Building a Serverless Wedding Photo Gallery using AWS Lambda, S3 and DynamoDB

Whilst documenting how I structured the infrastructure used for hosting our wedding website, I mentioned the possibility of showcasing its use for another application concern. In the tradition of over-engineering a problem related to our wedding, we really did not want resized/compressed photos shared through WhatsApp/iMessage of the big day. So instead, I decided to create a serverless photo gallery that provided guests with the ability to share the original photos in one place. I also wanted to explore the ability to achieve this while having 100% feature parity locally in a development setting. In this post, I would like to discuss how I went about building these photo-upload/resizing and lazy-loaded gallery capabilities using AWS Lambda, S3 and DynamoDB. The final implementation can be found in this GitHub repository.

The AWS architecture diagram

The API

For the backend API, I opted to use the Node 16 (nodejs16.x) supported Lambda runtime, conforming to the RESTful Hypertext Application Language (HAL) standard. Like in previous projects, I used the Serverless Framework to manage deploying the transient application while leaving the foundational building blocks for Terraform. Each API endpoint’s functionality is split into individually packaged artefacts using esbuild for bundling and transpilation. This provides smaller artefacts that only contain the dependencies (such as Sharp, AWS-SDK) which are actually required within each of the desired endpoints.

Persistence

The DynamoDB table schema

For storing the photo metadata and gallery listing (used for infinite scroll), I opted to use a Single-Table Design DynamoDB table. This uses the PK/SK and GSI*PK/GSI*SK partition/sort key pattern found in Single-Table Design, allowing optimal data retrieval based on predefined access patterns.

The GSI1PK is used as a hot key 😬 for listing the gallery photos in sorted processed timestamp order, using the last evaluated key as a marker to progressively provide the next batch of gallery photos to the client. Using a hot key is not best practice, but based on this usage pattern and load, it suffices for this use case.

In its current form, the use of a Single-Table Design may seem unnecessary since the application lacks multiple access patterns and concerns. However, there is future scope to better showcase the idea with additional functionality, such as photo comments.

Photo Upload and Resizing

Uploaded photos are stored within an initial upload S3 bucket using pre-signed form POST requests, which are generated by the API based on a pre-request supplied by the client. Upon successful photo upload, the resulting s3:ObjectCreated event triggers a Lambda function responsible for moving the photo to the persistent S3 bucket and generating resized web and thumbnail variants in WebP (using Node.js Sharp). At the end of this process, a record with the photo’s metadata is stored in the DynamoDB table for inclusion in the gallery response.
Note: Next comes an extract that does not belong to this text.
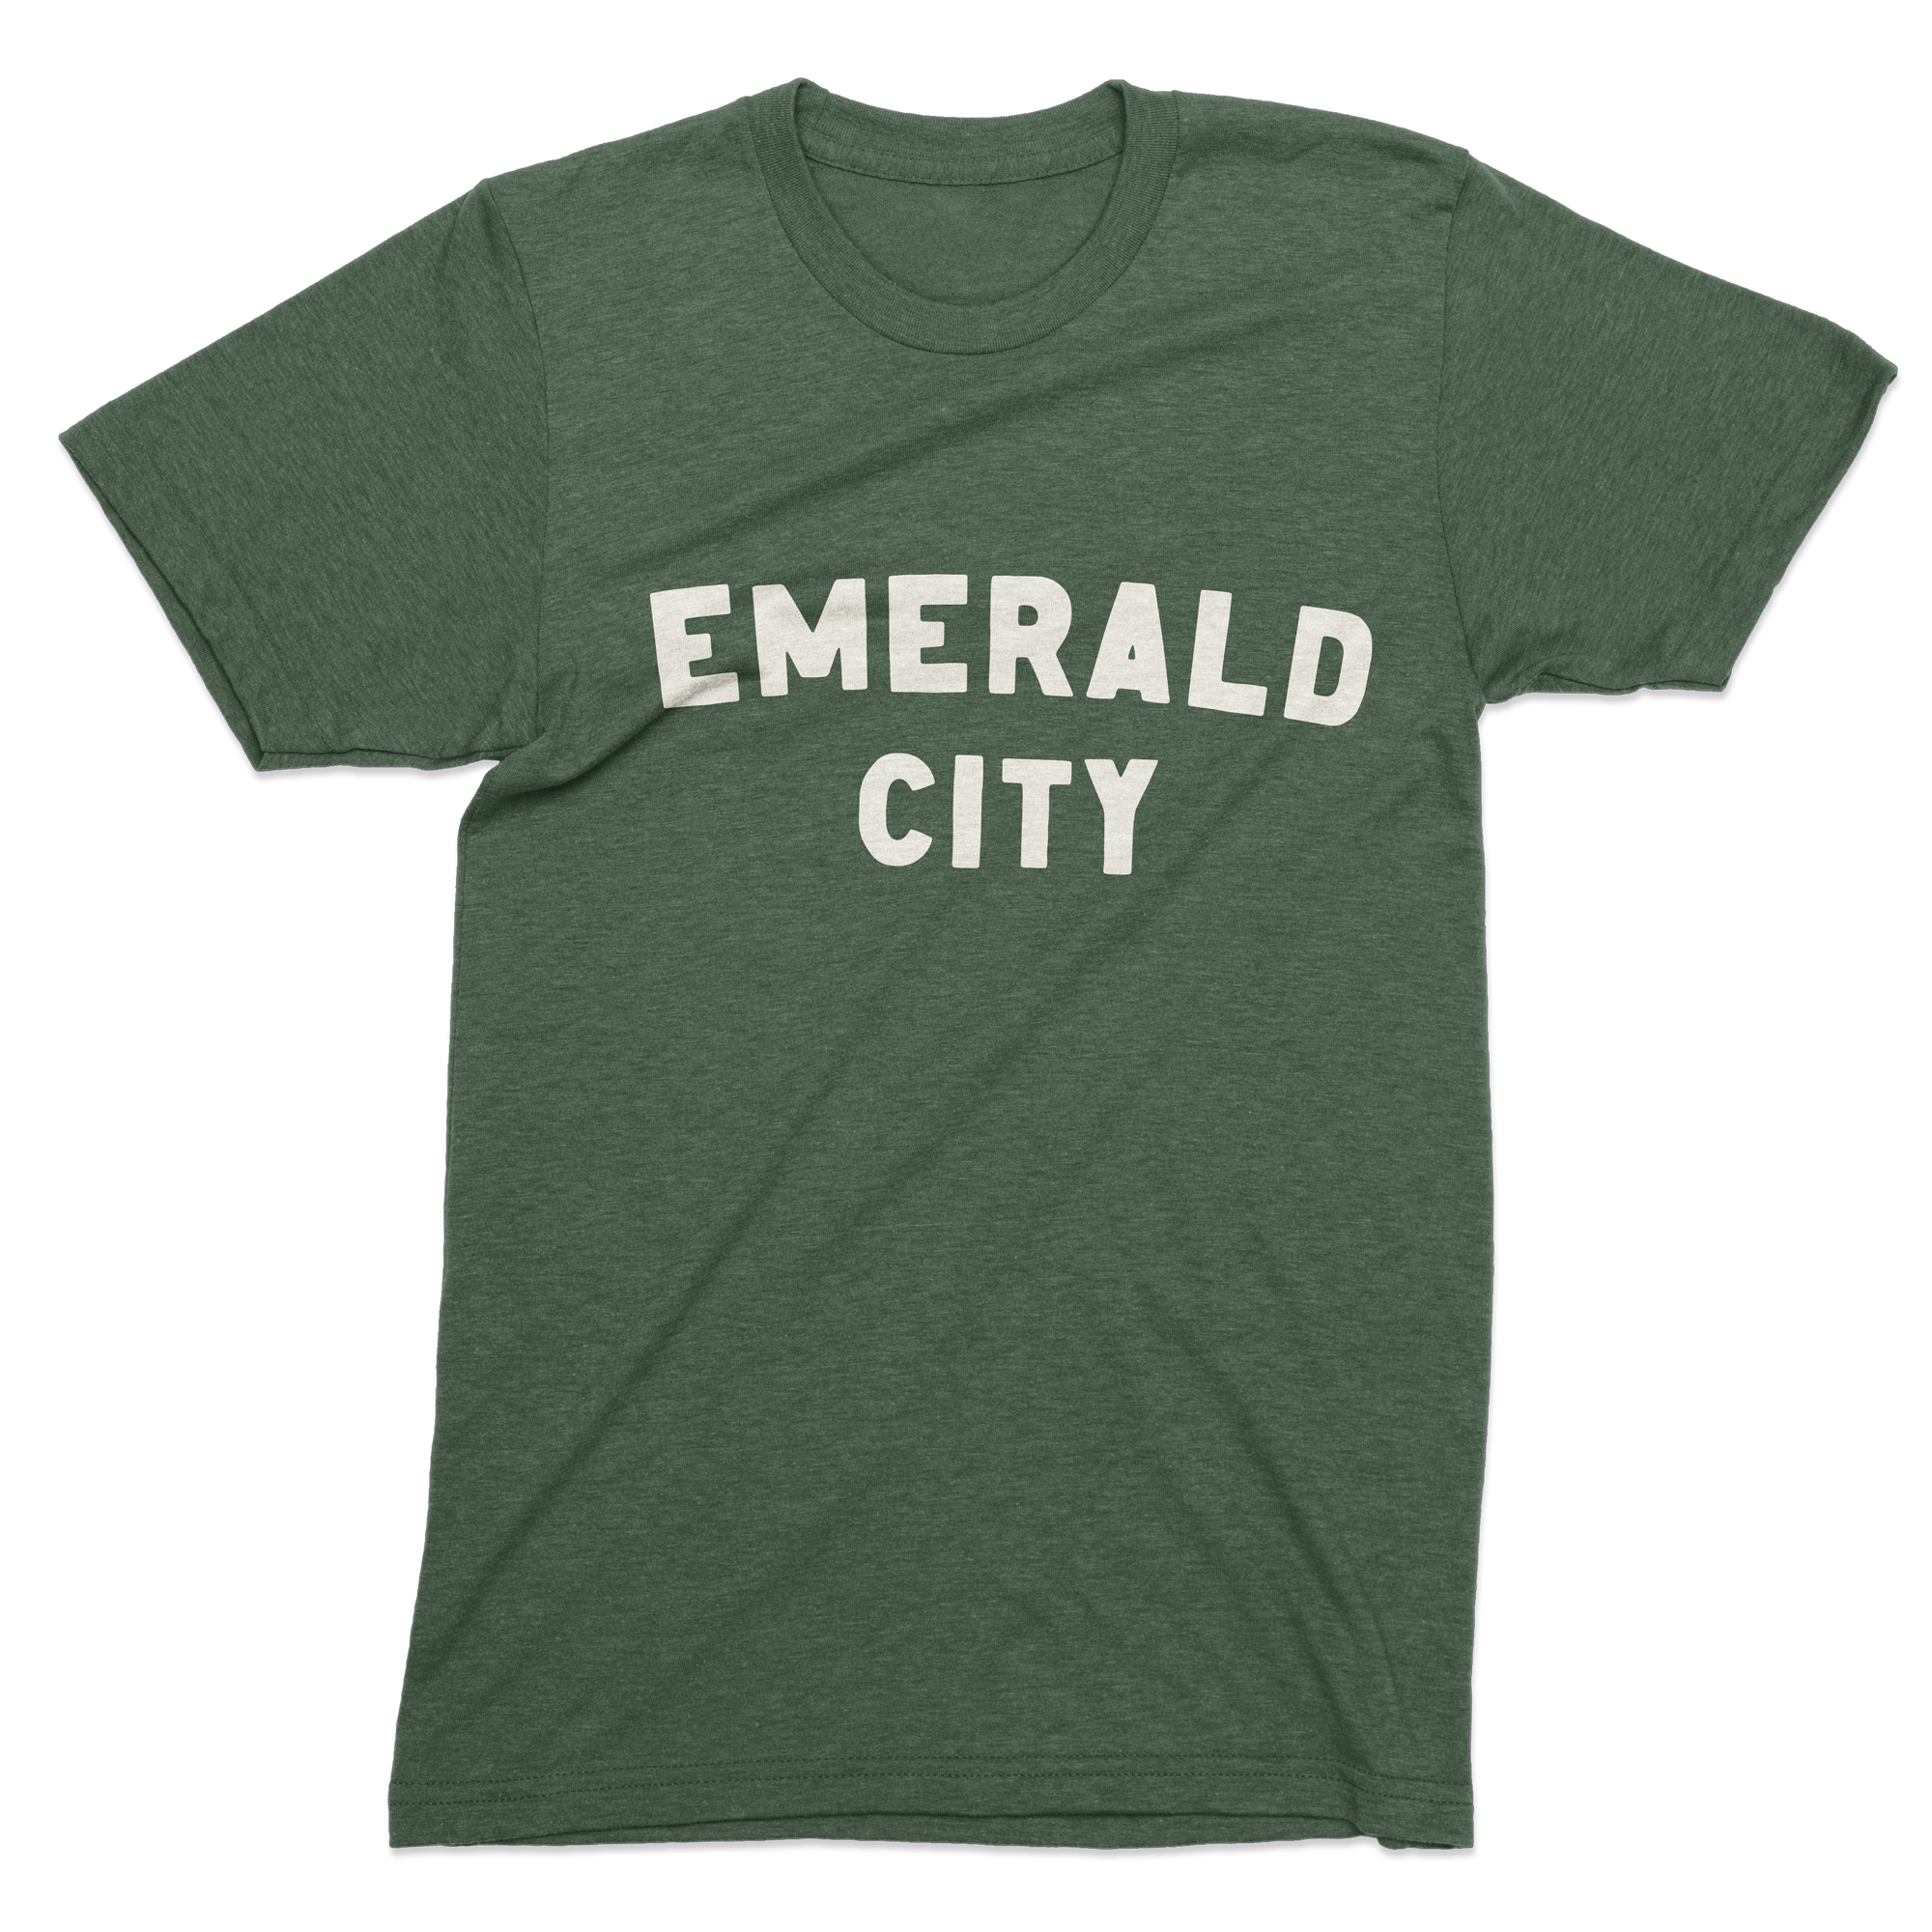 Emerald City tshirt

The initial upload S3 bucket uses a lifecycle rule to clean up any failed photo uploads after seven days.

Local Development

As stated above, one of my goals was to have local feature parity for development purposes. Thanks to a combination of Serverless Offline, Serverless DynamoDB Local, and Serverless S3 Local, I was able to achieve just that 🎉. I was pleasantly surprised at how easy it was to replicate both pre-signing S3 POST requests and handling S3 event triggers thanks to s3rver. Doing this allowed me to have greater confidence in my implementation before deploying it to AWS.

The Client

The lazy-loaded photo gallery The photo lightbox

The client is developed as a Single-Page Application (SPA) using React and Create React App. I used this project as an opportunity to explore Tailwind CSS for presentational concerns. The client is built statically within the build pipeline, distributed via S3, and fronted by CloudFront. To ensure only authorised users have access to the gallery, a CloudFront function enforces that shared HTTP Basic Authentication credentials are supplied. As the same CloudFront distribution is used to front the client, API, and S3 buckets, we can be certain that all requests are protected by these security measures.

The gallery is presented as an infinite scrollable list, which progressively (lazily) requests the next available batch of photos. When a photo is clicked on, a full-screen lightbox variant is displayed, providing the ability to visually swipe back and forth (on mobile devices) between photos. Effectively handling touch events, with graceful desktop mouse click fallback, was an interesting challenge using React Hooks.

Conclusion

I really enjoyed the chance to add additional functionality that could be hosted within the infrastructure project I had set up for our wedding website. Being able to replicate all the behaviour within a local setting was very satisfying, enabling a quick REPL for API/client development. I was also very happy with the decision to structure both the client and API in a monorepo, with independent build pipelines for any changes that are pushed.

Finally, after seeing how this gallery has been used in practice, I feel the addition of handling video media would be a great future improvement. Using AWS Elemental MediaConvert as a possible means to process uploaded video media could provide similar elastic compute functionality that Node.js Sharp, hosted on Lambda, does for photos.